Vor uns liegt ein Haushaltswerk, das in den letzten Wochen gedruckt und gebunden wurde.

Seit dem 24. Februar und durch die Ereignisse in der Ukraine könnte es Makulatur sein.

Der Angriffskrieg des russischen Autokraten auf die Ukraine hat auch in Deutschland vieles verändert und wird es noch drastischer verändern. Viele Menschen in der Ukraine sind gestorben, viele Wohnhäuser, Schulen, Krankenhäuser zerstört. Aber auch bei uns hat sich manches schlagartig verändert: Der Heizölpreis hat sich seit Jahresbeginn verdoppelt, der Strompreis schießt scheinbar unaufhörlich in die Höhe, und vieles wird uns noch deutlicher treffen, wenn auch bei weitem nicht so wie die Menschen in der Ukraine.

Vieles von dem, was gestern noch gegolten hat und was wir für richtig gehalten haben, gilt nicht mehr. Niemand weiß, was morgen passieren wird. Alles ist möglich.

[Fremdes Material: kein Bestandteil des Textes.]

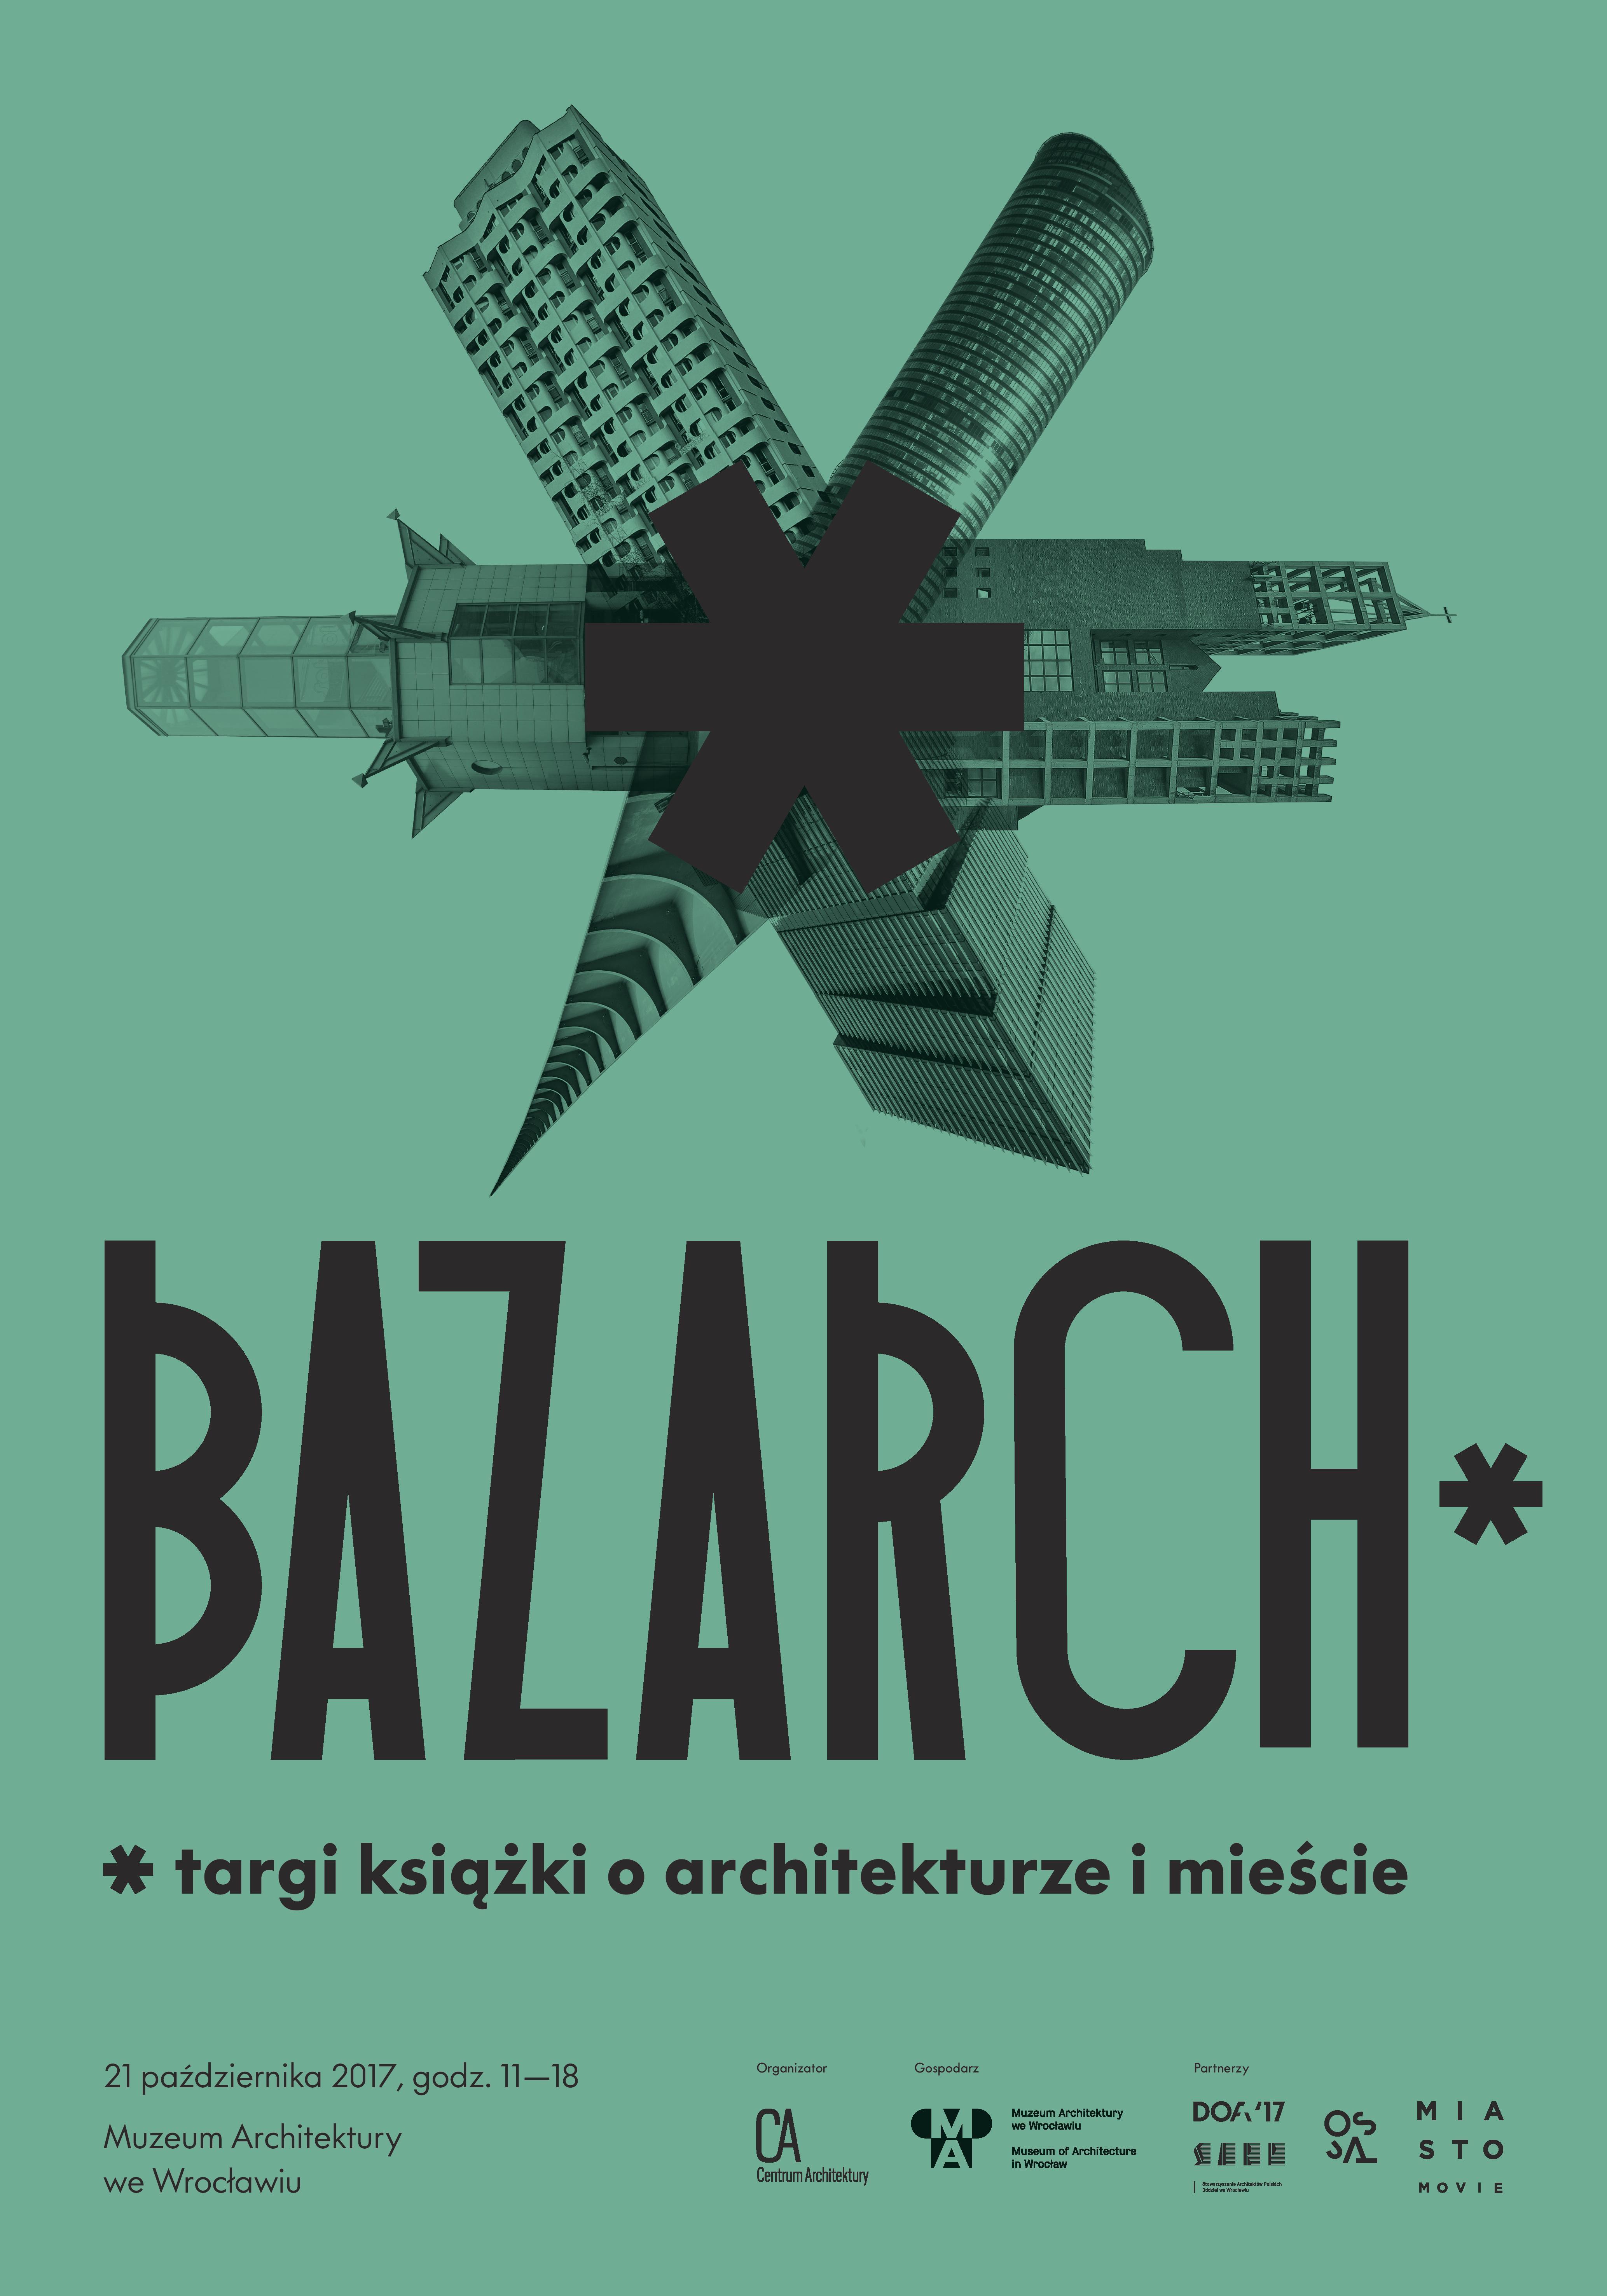 BAZARCH* – plakat (źródło: materiały prasowe organizatora)

Die Katastrophe eines massiven Einsturzes von volkswirtschaftlichen Strukturen und Säulen ist nicht auszuschließen, mit allen dann verheerenden, auch sozialen Folgen für die Menschen und den finanziellen für unsere Städte und Gemeinden.

Wenn wir heute über einen Haushalt reden, dann kann dies eigentlich nur ein Krisenhaushalt sein, der möglichst alles ausblendet, was nicht unbedingt –  auch rechtlich –  als Verpflichtung gesehen werden kann.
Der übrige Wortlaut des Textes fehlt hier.